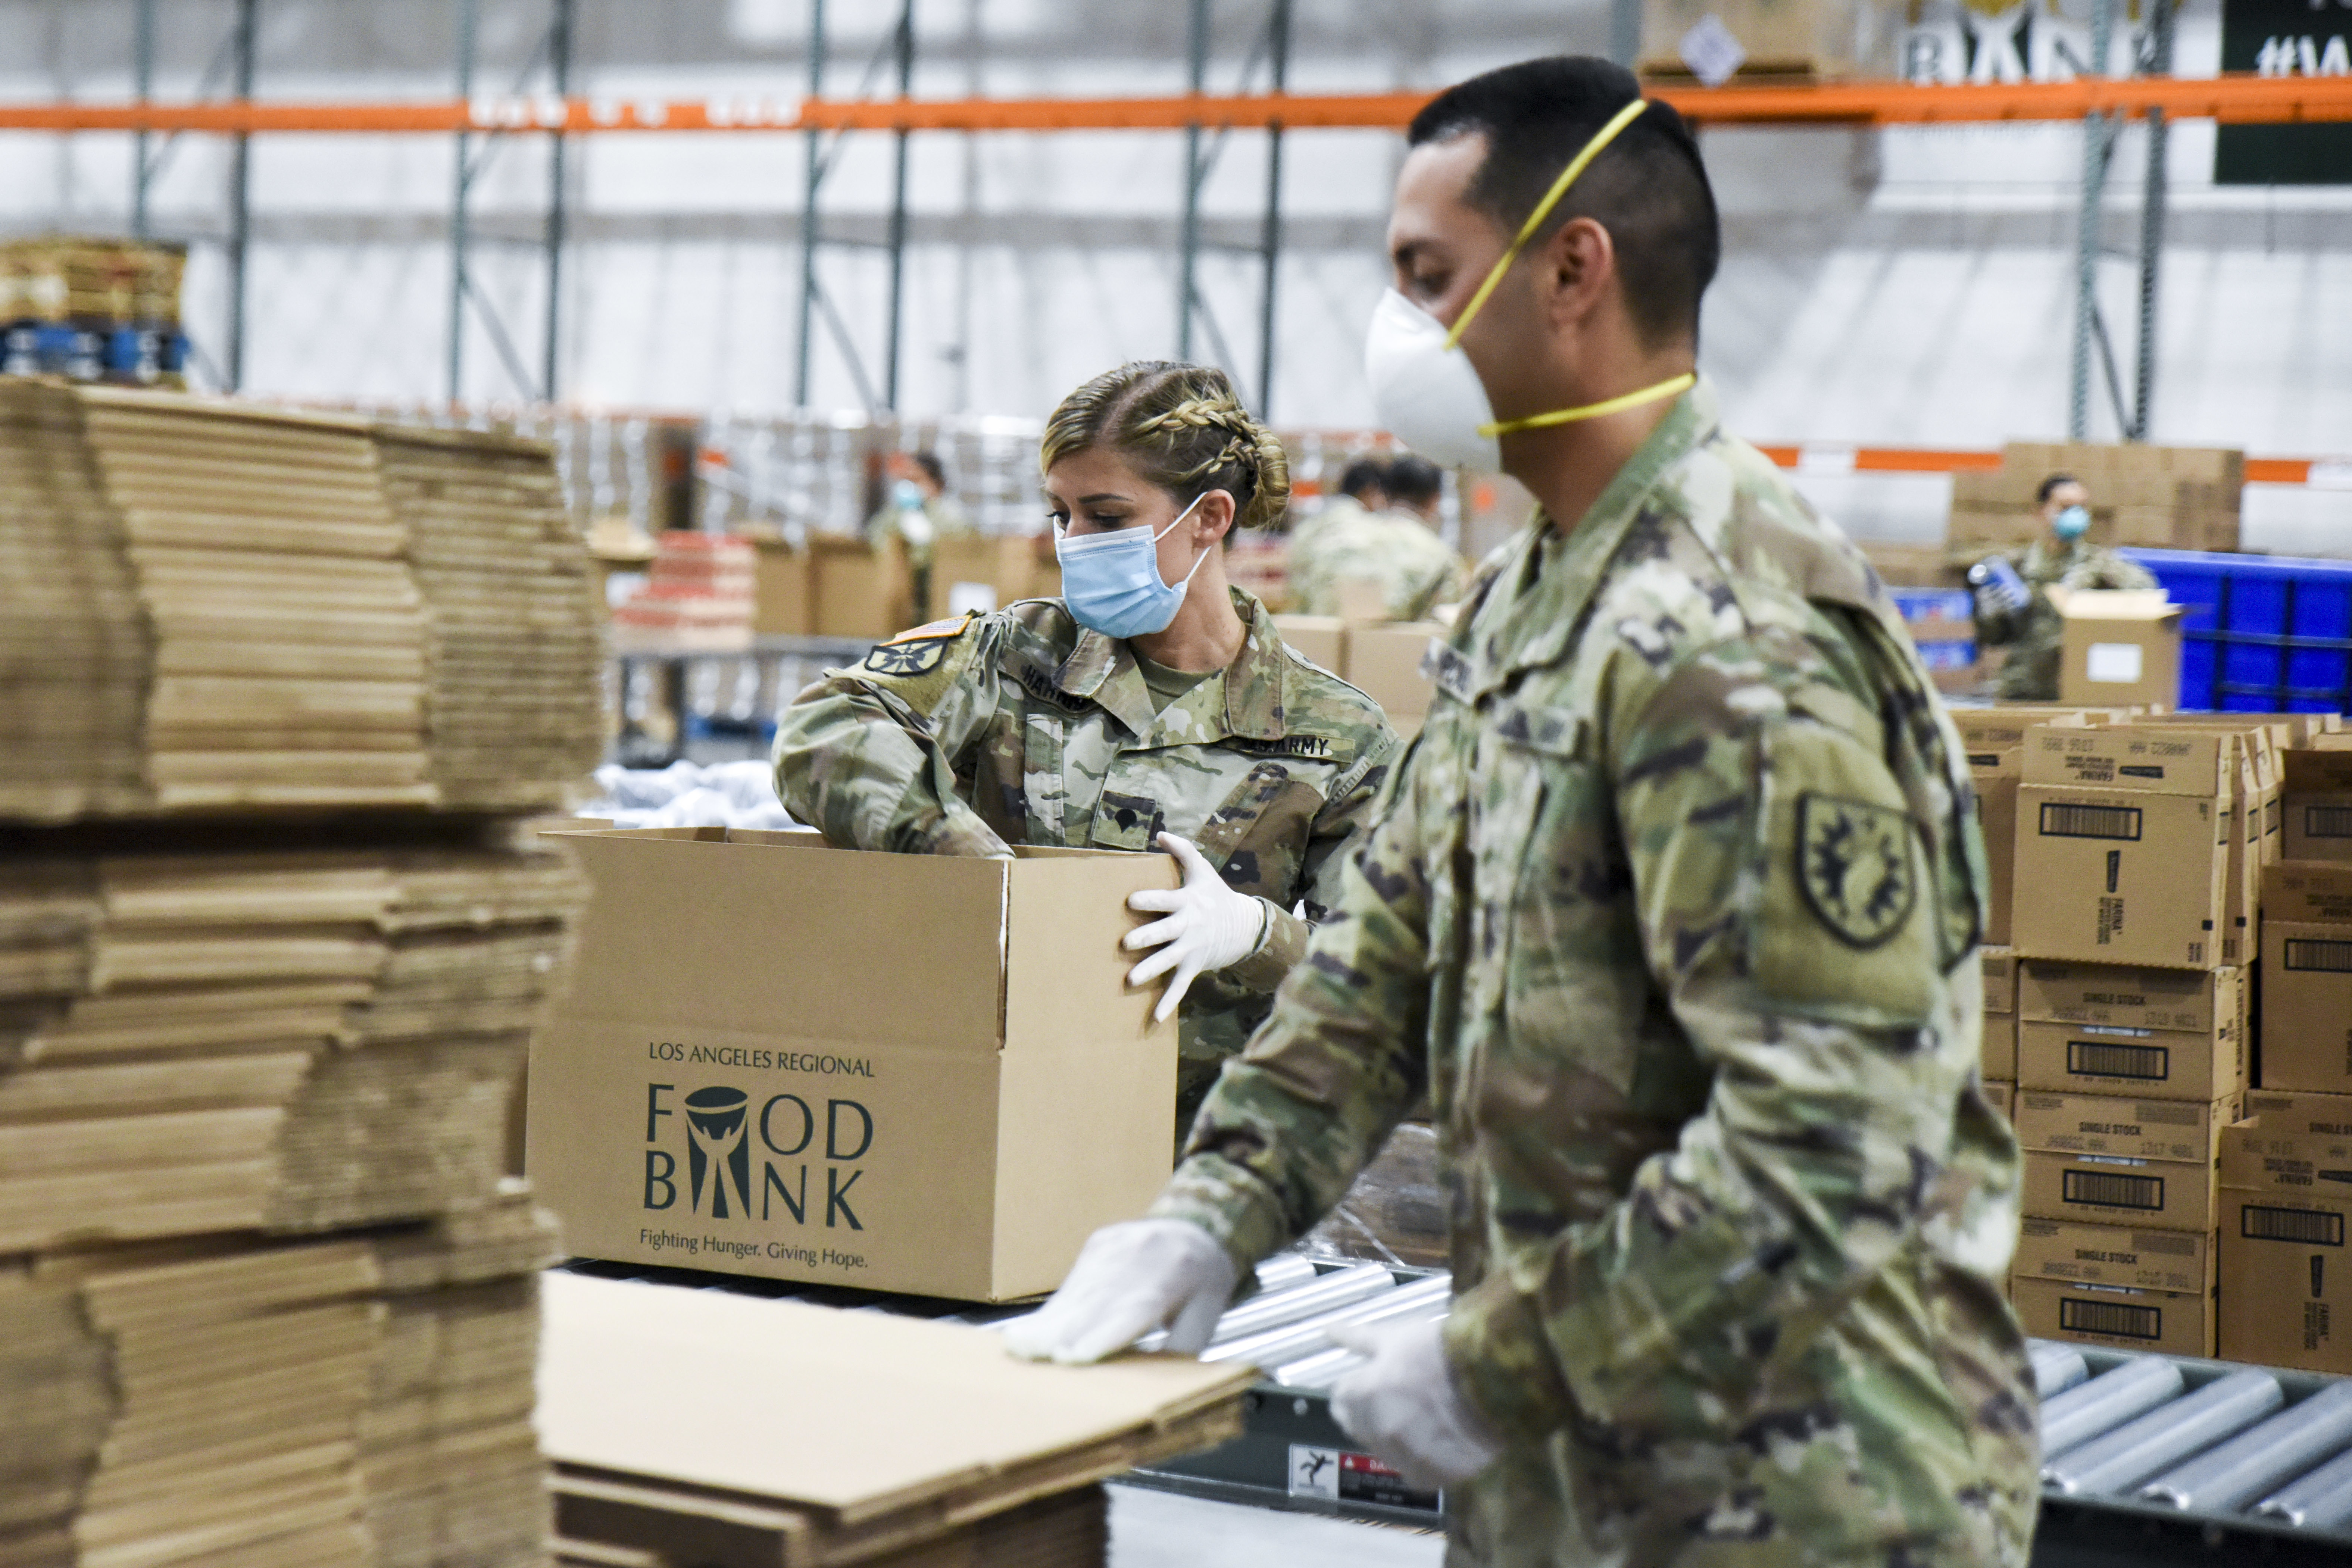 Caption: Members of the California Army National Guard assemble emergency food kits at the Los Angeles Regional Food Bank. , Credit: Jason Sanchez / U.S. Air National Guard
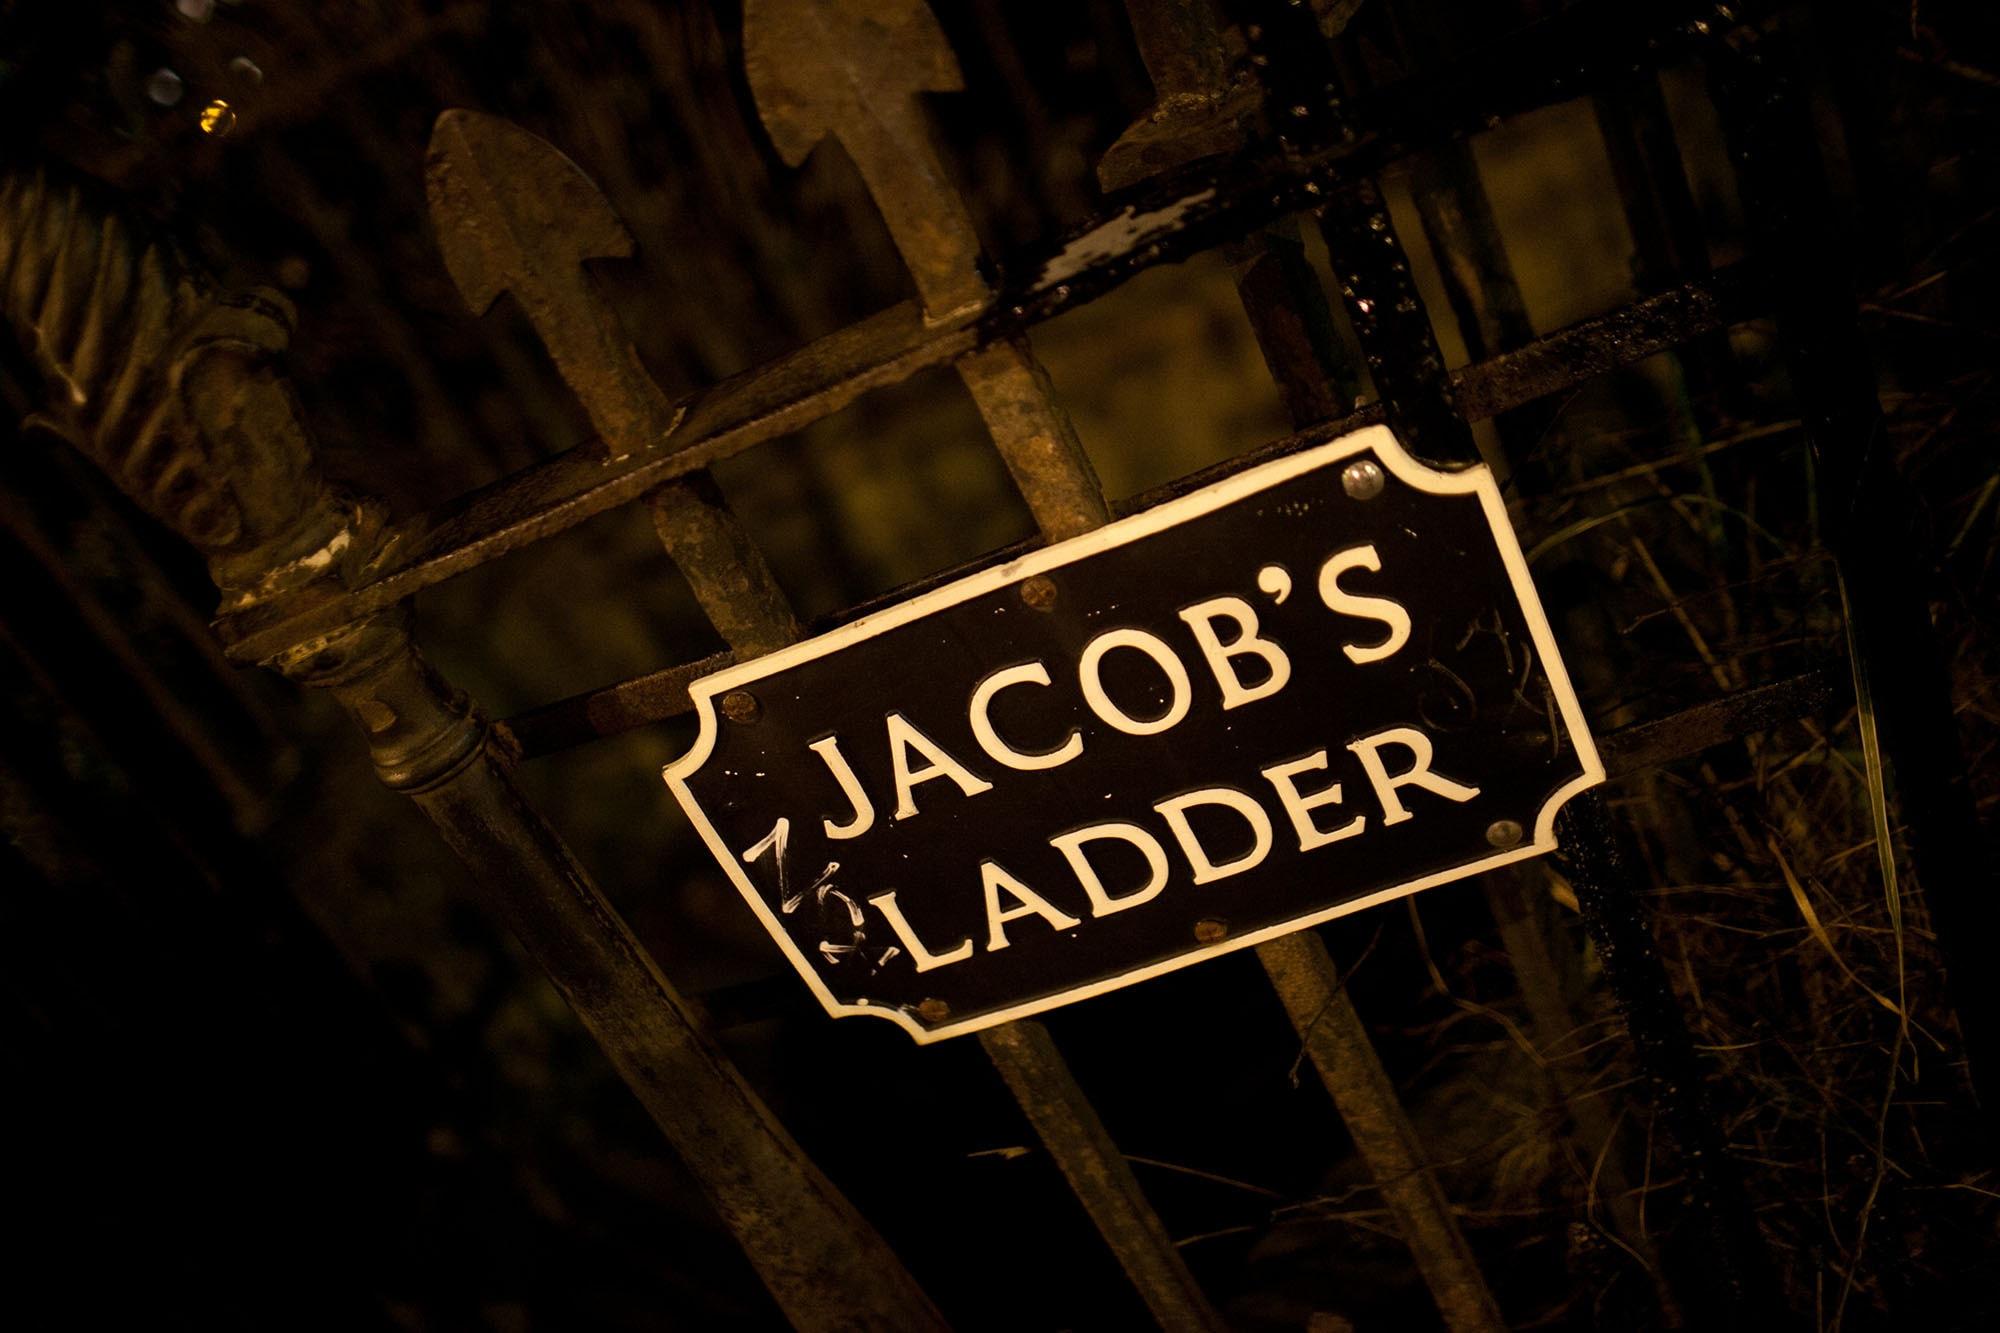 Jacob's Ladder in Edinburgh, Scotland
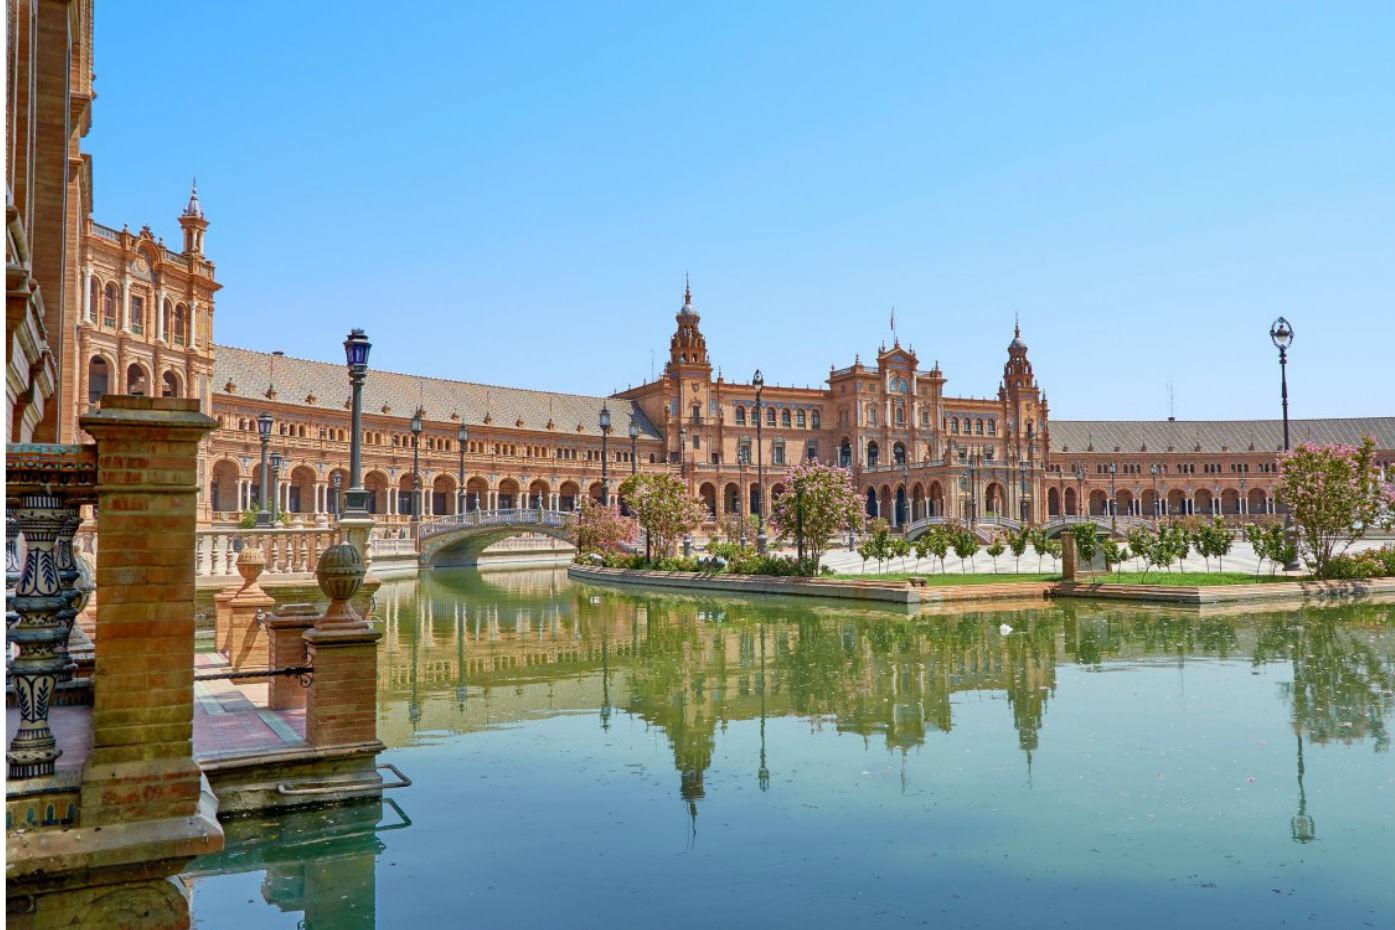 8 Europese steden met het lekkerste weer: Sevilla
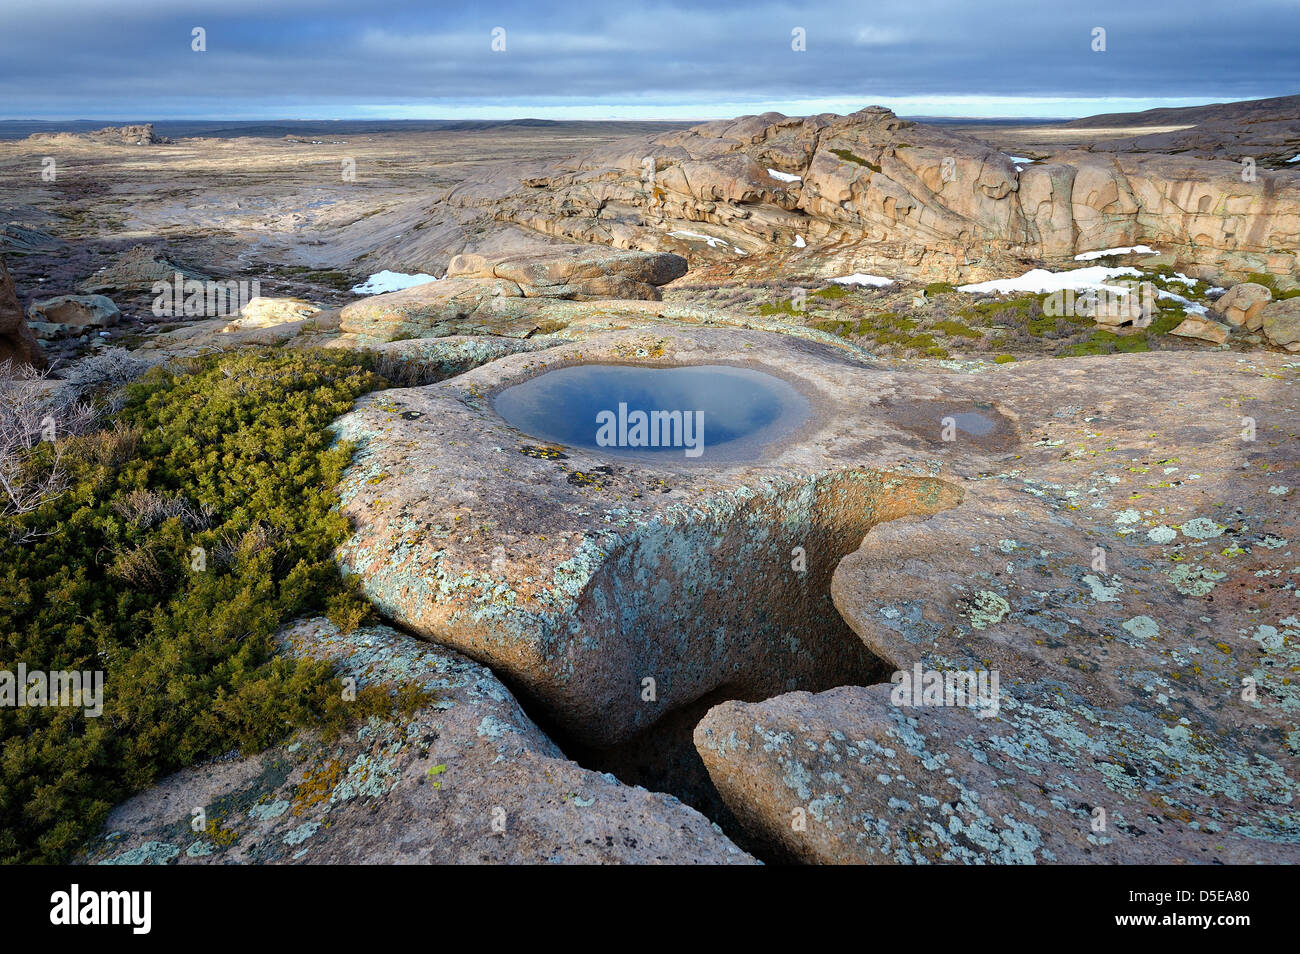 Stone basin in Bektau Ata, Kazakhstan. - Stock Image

──────────────────────────────

--- Exercise requirements ---
From the first line of the material down to the line containing "8 Europese steden", inclusive, return each line exactly, skipping any picture.

--- Result ---
 Caption: Members of the California Army National Guard assemble emergency food kits at the Los Angeles Regional Food Bank. , Credit: Jason Sanchez / U.S. Air National Guard
 Jacob's Ladder in Edinburgh, Scotland
 8 Europese steden met het lekkerste weer: Sevilla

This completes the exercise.